Task statement — Pictures aside, the data must be reproduced exactly.

(Input data Opens)

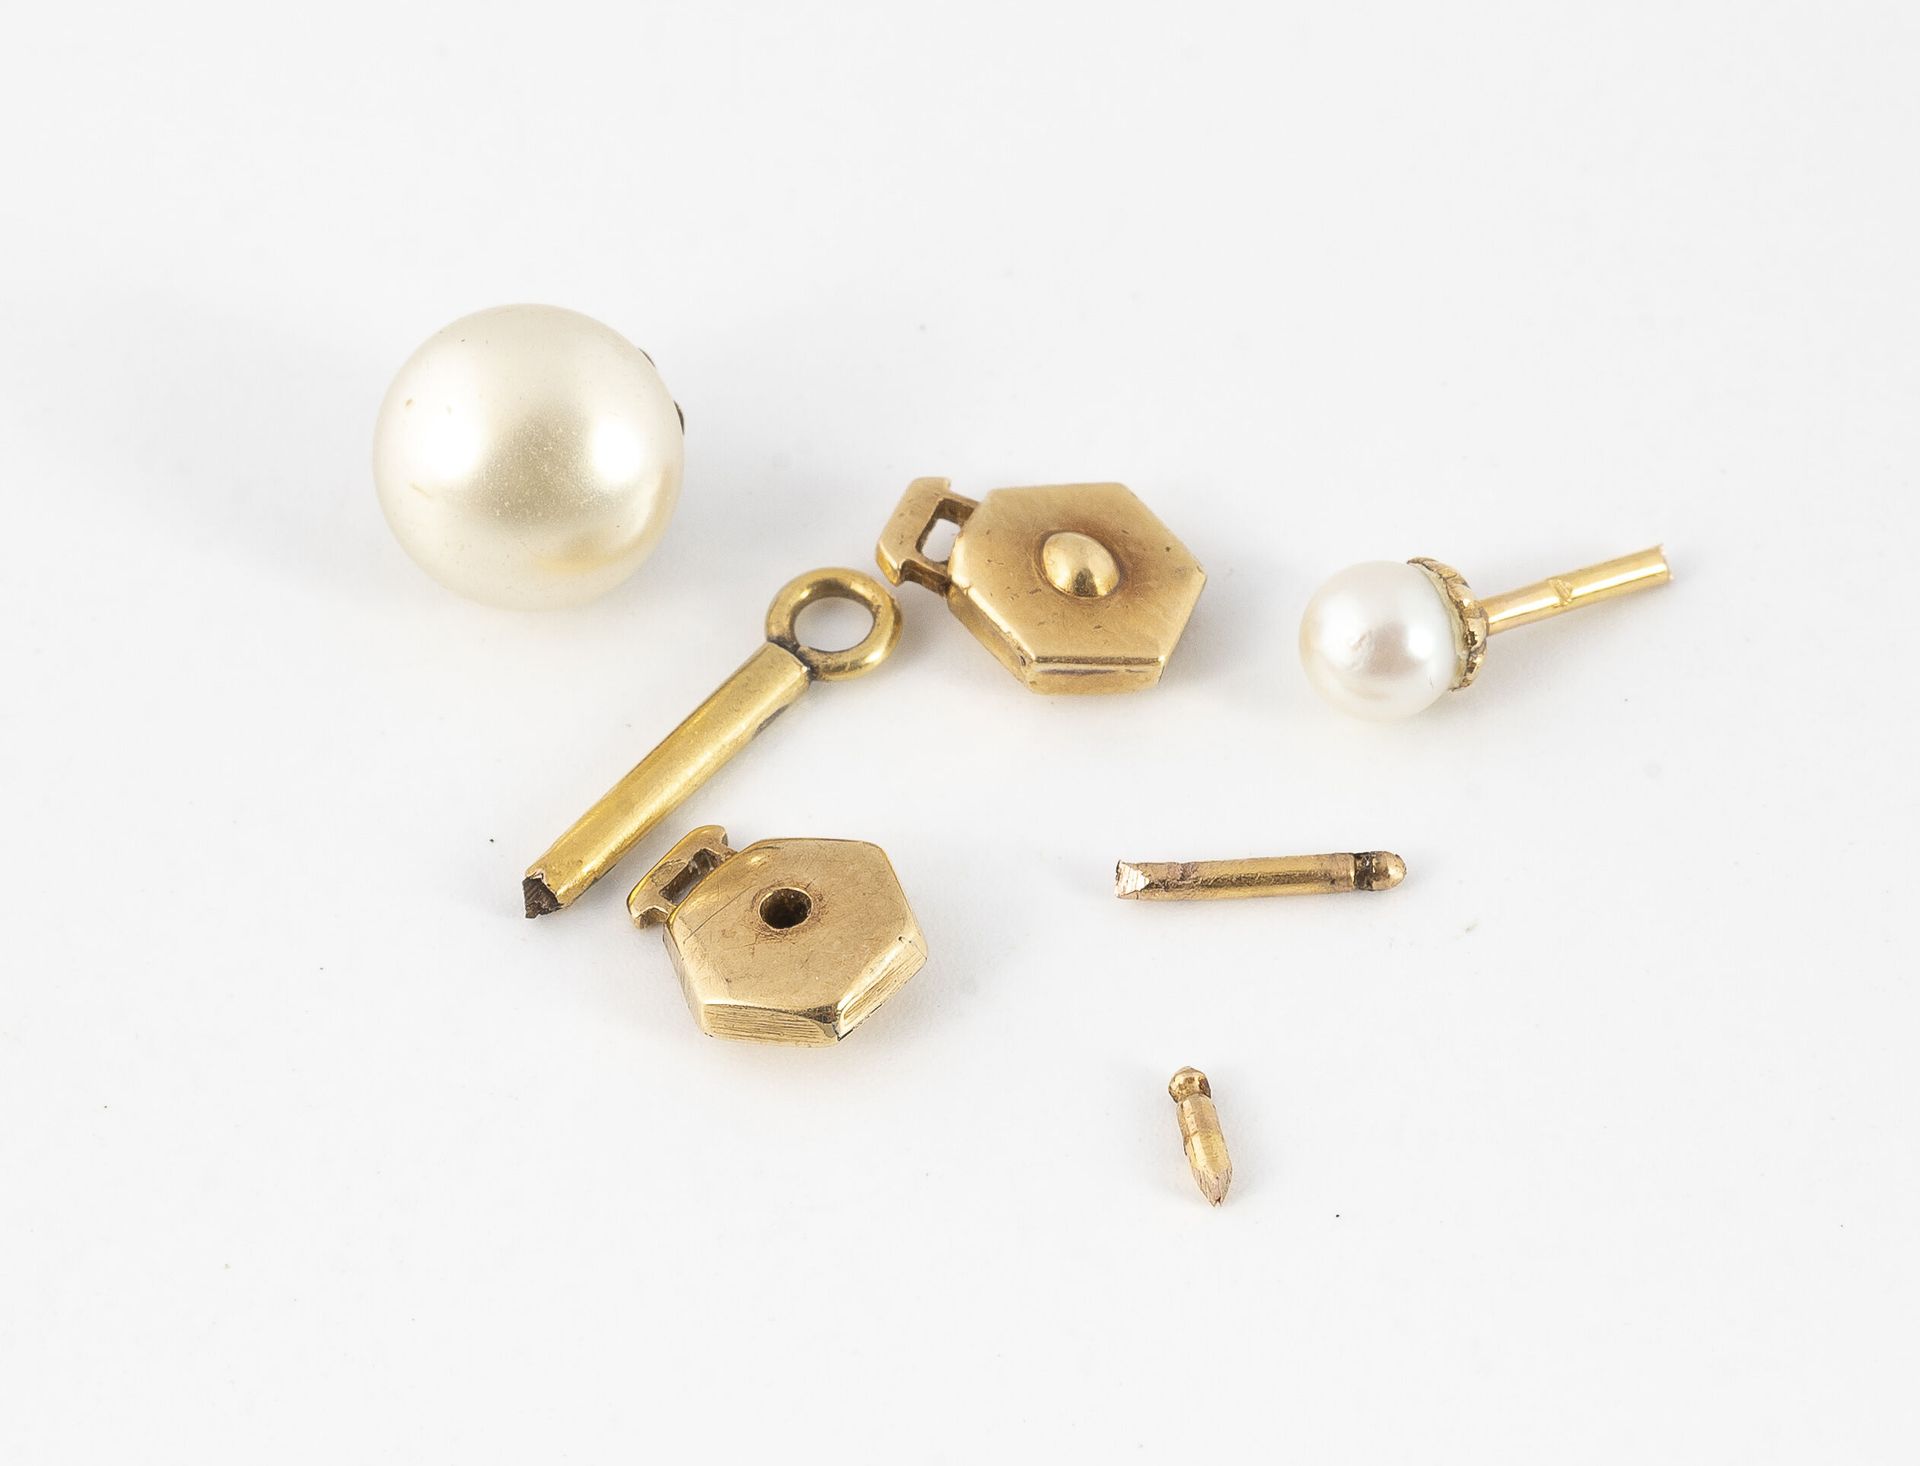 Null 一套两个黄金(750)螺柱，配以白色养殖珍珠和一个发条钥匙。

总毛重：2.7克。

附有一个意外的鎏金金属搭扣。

(Input data Closes)

Exercise solution —
 Null 一套两个黄金(750)螺柱，配以白色养殖珍珠和一个发条钥匙。

总毛重：2.7克。

附有一个意外的鎏金金属搭扣。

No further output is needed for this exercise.